For three years at a book-a-day pace, Doctorow flagged a handful of novels for his bosses, but only one ever led to a deal: a Western called "They Came to Cordura," ultimately turned into the 1959 movie starring an aging Gary Cooper.

"It was one of the worst movies you've ever seen," Doctorow groans. "It was just an embarrassment. And that was the result of my three years of work."

During those script-scouting days, Doctorow realized he could make up stuff just as well as any of the authors he was paid to read. So he wrote "Welcome to Hard Times," a Western about a stranger who terrorizes a small town, later turned into a movie starring Henry Fonda. It was the first of several unhappy experiences with Hollywood. Aside from "The Book of Daniel," Doctorow sounds disappointed with the celluloid renderings of his work, including "Billy Bathgate," which starred Dustin Hoffman and Nicole Kidman, and "Ragtime."

"People have always said my work is cinematic, except the directors I've worked with," Doctorow sighs. "They tell me how difficult it is to translate because so much of my books are interior. So much of the action is in the mind, in the moral realm."

Doctorow started "The Book of Daniel" while toiling as an editor at Dial Press, which he left in 1968 for a teaching job at the University of California at Irvine, where he could spend mornings at his typewriter. He felt like he'd arrived.

His actual arrival date, however, was 1975, when a fictional account of America in the years leading up to World War I was published to raves, eventually selling more than 4.5 million copies. Some critics were troubled by the way "Ragtime" monkeyed with the past -- it imagines a meeting, for instance, between Freud and Jung at Coney Island, sharing a ride through the Tunnel of Love. But Doctorow isn't suggesting that this is the world as it was; this is the world as he's contrived it.

To his fans, these liberties have a larger point. "His big topic is challenging the official version of things," says John G. Parks, a professor at the University of Miami and author of "E.L. Doctorow -- Literature and Life." "Because it's usually the victors who tell the story and he feels that serious authors have a chance to challenge the official version of any story."

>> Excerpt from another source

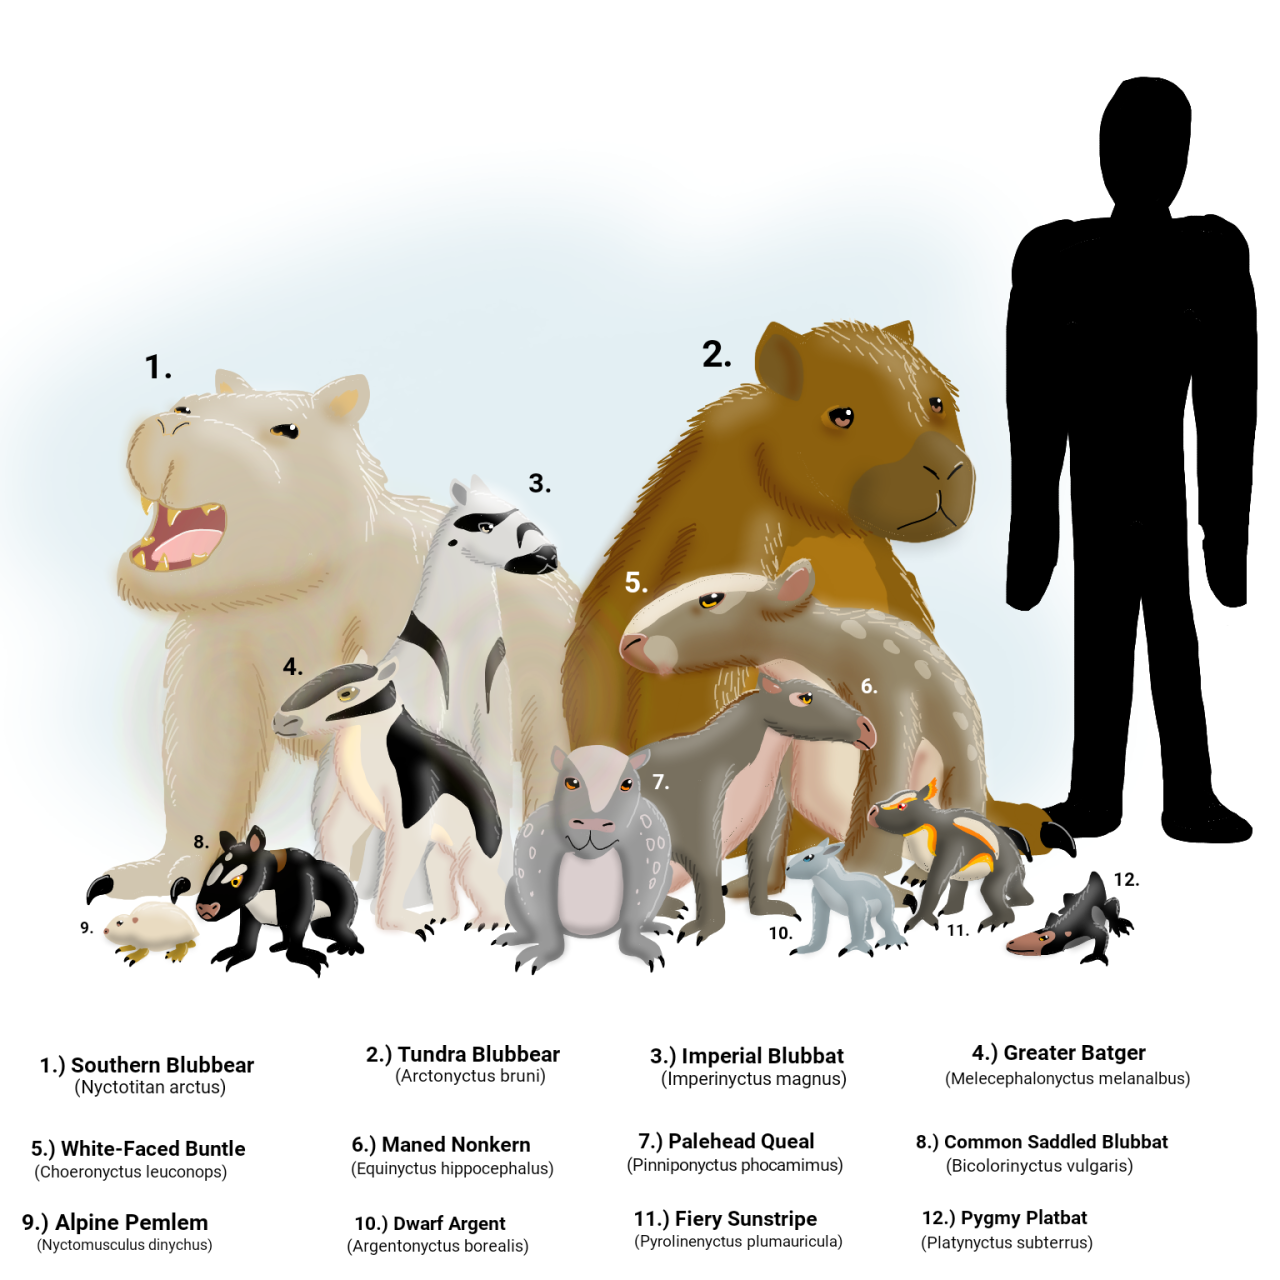 ceo of hamster evolution — The Early Temperocene: 135 million years

Put another way, he makes stuff up to get to the truth. Or to get to his truth, anyway. Doctorow has written publicly and forcefully about his politics, which lean strongly to the left. The war in Iraq had already started by the time he'd begun "The March," though he declines to go into particulars about the links between his latest book and the current fighting overseas. He'll leave that work to readers. But there's no mistaking where he stands on the war, or where he stands on the president and the men and woman shaping the administration. In the middle of this discussion he brings up Karl Rove and the investigation into Rove's role in the Valerie Plame media-leak investigation.

"I'd like to see him get nailed," Doctorow says dryly. "Bad man."